Baklâ
Summerhall
Written, Choreographed, and performed by an astonishingly talented Max Percy, “Baklâ” is a gem in the panoply of solo performance at this year’s Edinburgh Fringe. Max Percy opens the show by defining the word Baklâ: Tagalog. Meanings: homosexual, Filipinx LGBTQ+ community, Faggot. He invites us to think of other words – he’s heard them all. Max Percy embraces the identification, simultaneously utilising the term to share their experiences growing up Queer in the Filipino culture and exploring the impact of Spanish and American colonisation on the Philippines and generations of people. It’s a stunning work as it melds the personal, political, historical, and religious into pure theatre.
We are thrust back to 1521 – a date marking the arrival of the first European ship to the Philippines. What followed was 300 years of Spanish rule (followed by a period of American rule) and a gradual yet profound cultural genocide of the native people. This show explores how intergenerational trauma takes shape in the modern Filipino.
The loss of his ancestor’s homeland sends ripples through time, emitting a cultural amnesia. Is sex the best cure for a headache?
The work is staged in front of a giant dance studio mirror with a chair, some basic video elements, music, a microphone, and aerial apparatus. Max Percy’s skills range from being a natural storyteller, gorgeously comedic, a gift for intense naturalism, incredible dance, and aerial work. The physical images he creates are alive when attached to the story of say, colonisation, send reverberations from the past to the present in a way I have never experienced quite like this. Context is everything of course and Max Percy deftly conveys his context in which we are to experience the work. Shout out to director Robbie Taylor Hunt!
The narrative shifts from the club scene to direct address to the lower decks of a slave ship. Percy literally flings himself from moment to moment. Lighting and sound support these jolts. Its tight! Exploring his personal sexual journey, addictions, and complex family relationships are all included. There may be poetic license taken but who cares? This is a great, searing story of a personal and political quest for liberation.
Favourite moments – a mirror dance where Percy dances with himself in a mesmerising club dance floor seduction; sex in the bathroom; the old man looking for his handkerchief; aerial images which connect the past and present; projected vintage advertisements; Catholics!
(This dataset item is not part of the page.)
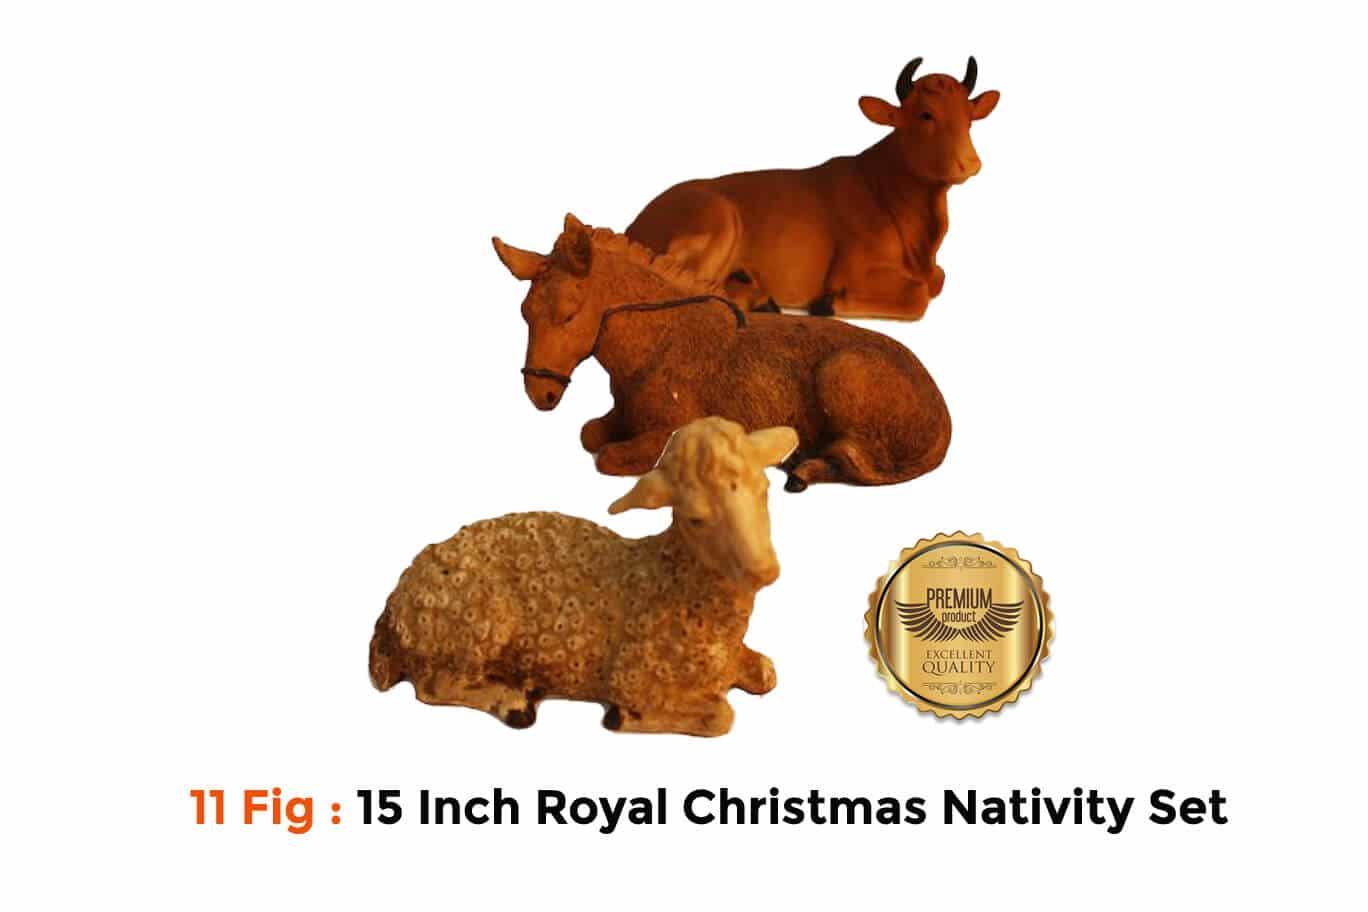 Jesuskart 15Inch Royal Nativity Cattle Set-buy online

The rhythmic flow of the production is sometimes abruptly stopped when Percy confronts prejudice (intended or otherwise) that all marginalised people deal with daily. It’s a moment of recognition for the audience – a chance to check our privilege and prejudices. Percy won’t let us off the hook either, charming storyteller though he be! Oh, and I loved the “safety curtain’ moment – meta, clever! You’ll have to see the show to get that reference.
It's a knockout and deserves to sell-out. Say you were there!